Nigeria’s Finance Minister, Wale Edun, has reaffirmed the government’s position that fuel and foreign exchange (FX) subsidies are permanently removed.
Speaking during the World Bank’s Nigeria Development Update presentation in Abuja, Edun emphasized that these subsidy policies had imposed a severe financial burden on the nation.
“Fuel and FX subsidies are gone for good,” Edun declared, highlighting that the twin policies had drained the economy, costing Nigeria over N10 trillion—equivalent to five percent of the country’s Gross Domestic Product (GDP).
In response to the economic challenges, Edun announced a new government initiative focused on addressing unemployment through housing finance.
He explained that the strategy aims to boost construction activities, which, in turn, would create jobs.
“The plan will be centered on mortgage and housing financing,” he said.
Meanwhile, Central Bank Governor Olayemi Cardoso defended the recent half-percent interest rate increase, which brought the rate to 26.75 percent.
He stated that the bank’s decisions were grounded in data and intended to stabilize the Naira and control inflation.
“Policies and interventions will be data-driven moving forward,” Cardoso remarked.

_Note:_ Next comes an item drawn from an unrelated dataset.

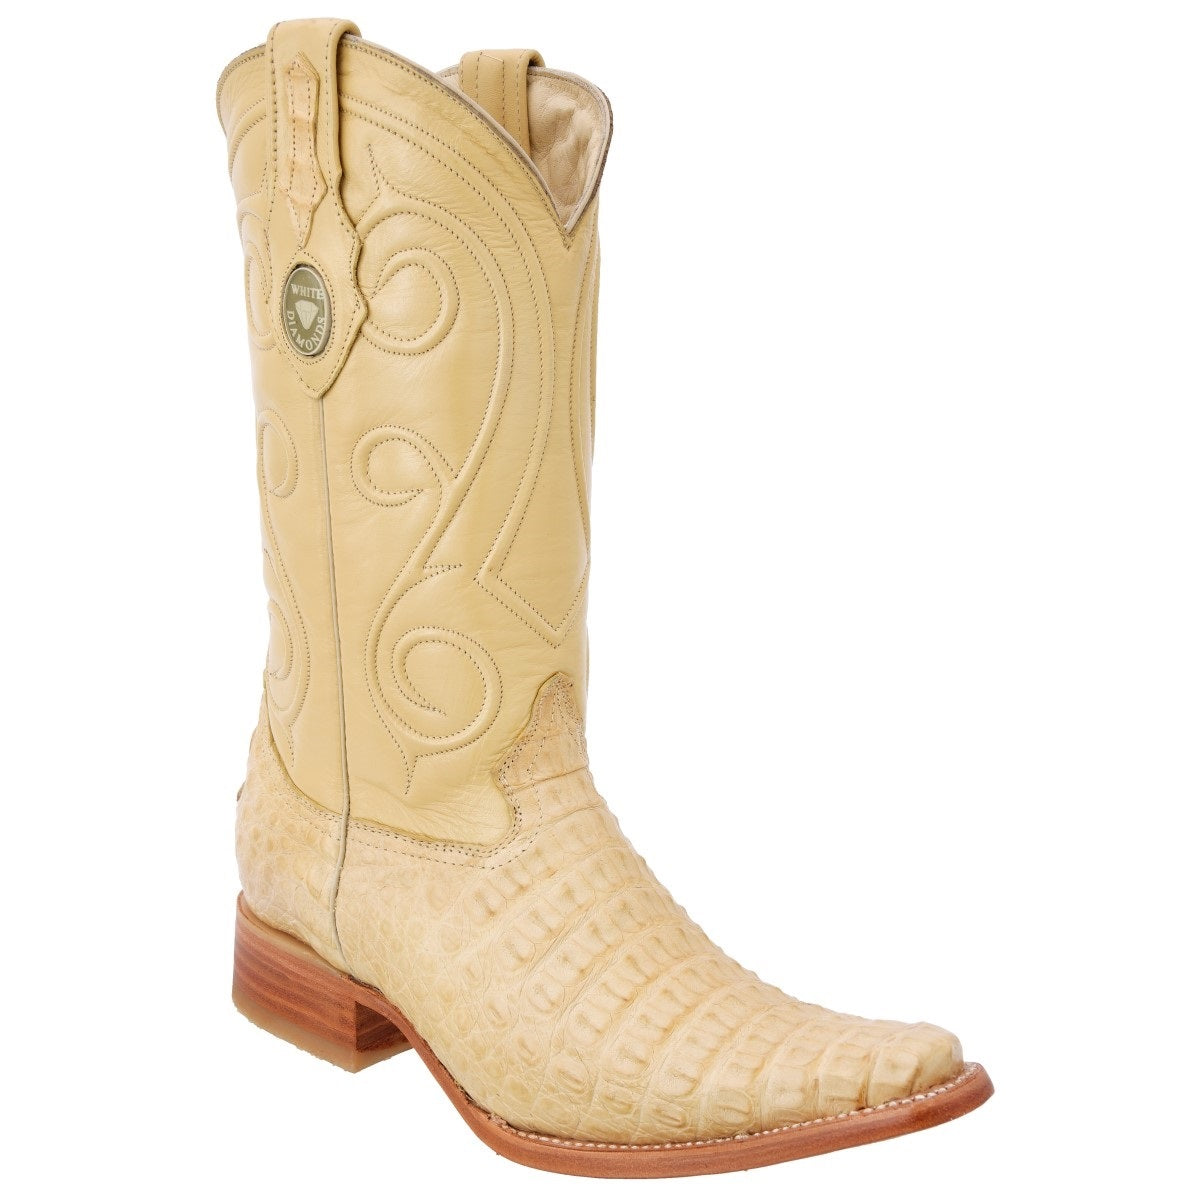 Botas Vaqueras TM-WD0176 - Western Boots

However, not all leaders are in agreement.
Bauchi State Governor criticized the Federal Government’s policies during the event, arguing that they were exacerbating the hardships faced by Nigerians.
“These policies are not working,” he asserted.
This comes in the wake of the government’s decision in June 2023 to eliminate fuel and FX subsidies. Since then, fuel prices have surged from N195 per liter to N1030, while the FX exchange rate has skyrocketed from N461 per dollar to N1660.49. Additionally, Nigeria’s inflation rate has risen sharply to 32.70 percent as of September, compared to 20.41 percent in May 2023.